A review by bunnipdf
White Smoke by Tiffany D. Jackson

adventurous dark tense fast-paced
  • Plot- or character-driven? Plot
  • Strong character development? It's complicated
  • Loveable characters? Yes
  • Diverse cast of characters? Yes
  • Flaws of characters a main focus? It's complicated

3.75

This book is in divine form as an audiobook. Chilling descriptions, creepy “creaks,” and haunting voices bring this horror novel to life, even when sharing stories of the dead.

White Smoke delivers increasing fascination and disturbance with every chapter, as two horror stories unfold. The first a chilling journey that follows an anxious Mari and her fractured, blended, family moving into an infamous home within an infamous town. Mari is suspicious from the very beginning, and so an intimate connection with her fears and suspicions forms easily. Jackson beautifully pulls in her audience through her young, black, and misunderstood heroine. Every sleepless night Mari endures in her new home will have you checking the dark corners of your own.

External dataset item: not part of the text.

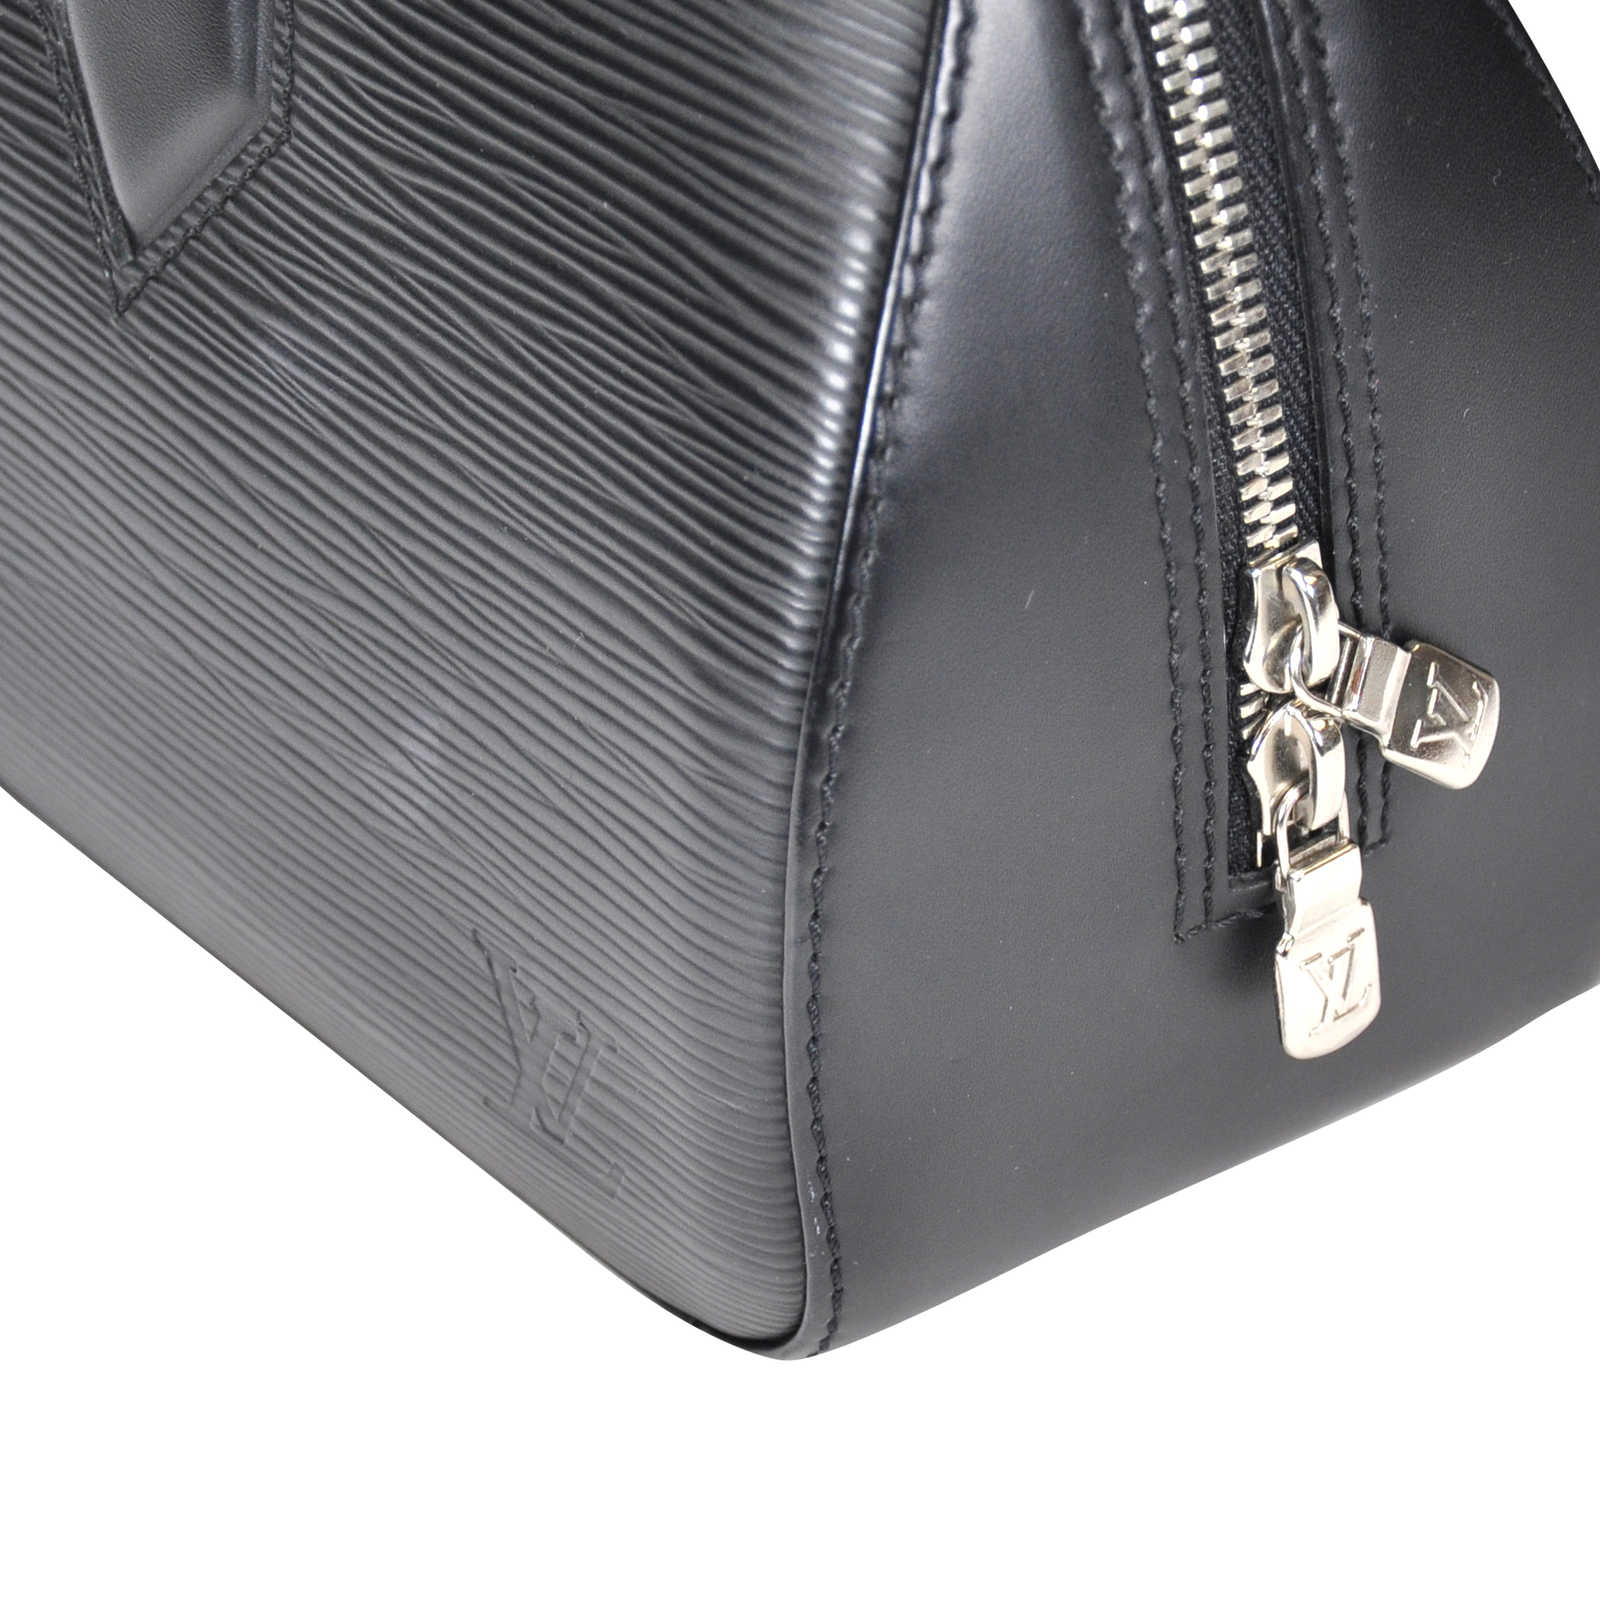 bfcf6f1dfe69 ... Authentic Second Hand Louis Vuitton Jasmin Bag (PSS-094-00007) -  Thumbnail ...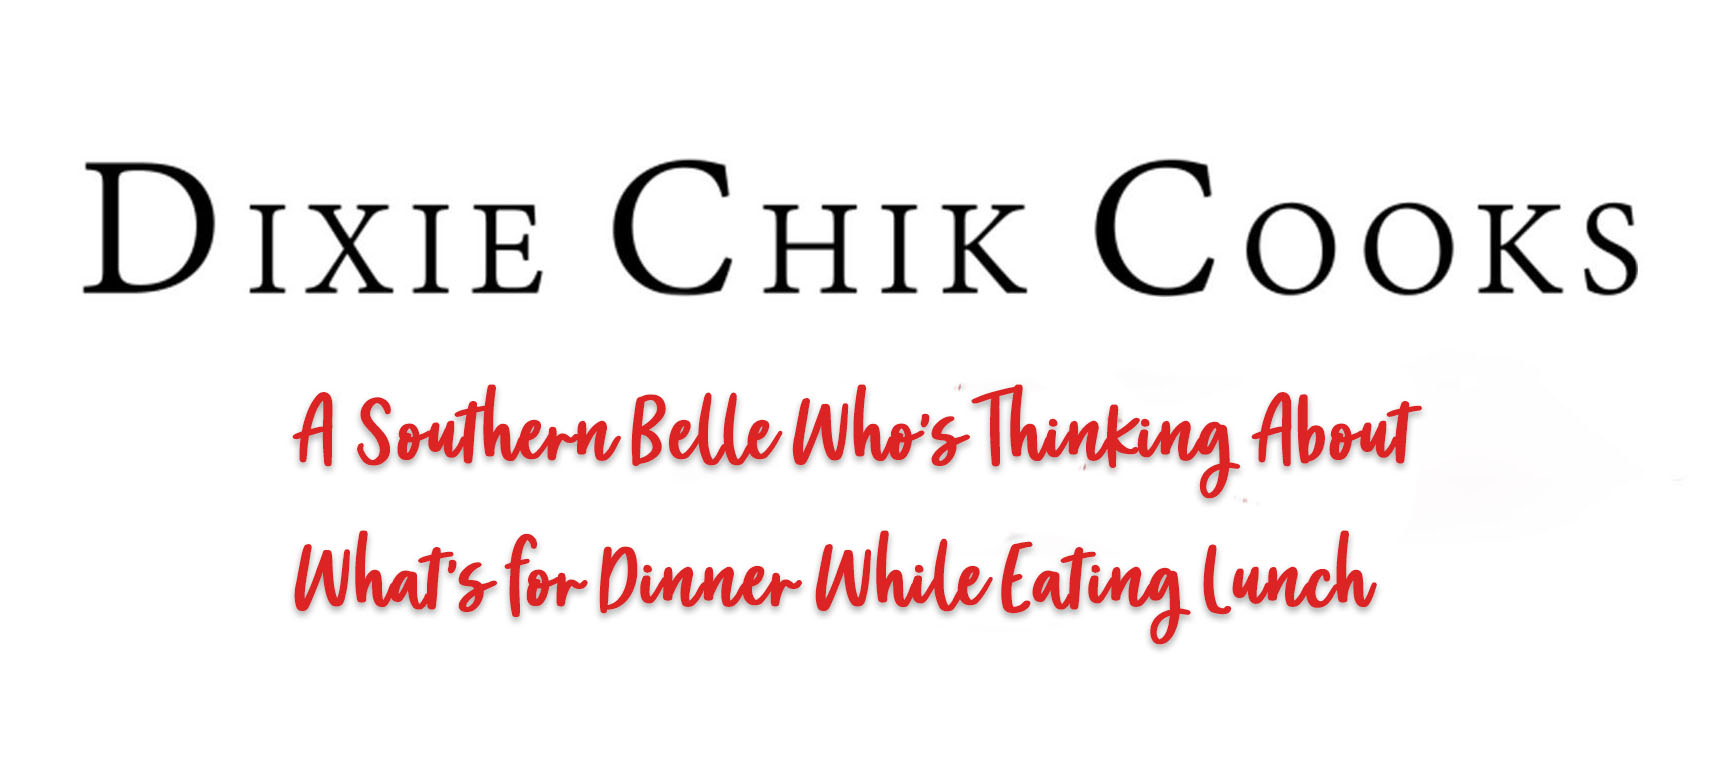 Dixie Chik Cooks

The second story White Smoke shares with us is equally the stuff of nightmares, as readers witness the horrors of what happens to a black community that is left to die by its leaders and lawmakers. 

Both mystery and horror soar in this novel. The cast of characters are so strong, and readers will easily find the heroes and villains. But the significance of the story’s themes on gentrification, race, class, and criminalization are not done justice by such simple explanations that Jackson provides by the end of the novel. Mari’s story is tied up neatly enough, but I was left unsatisfied by her final chapters.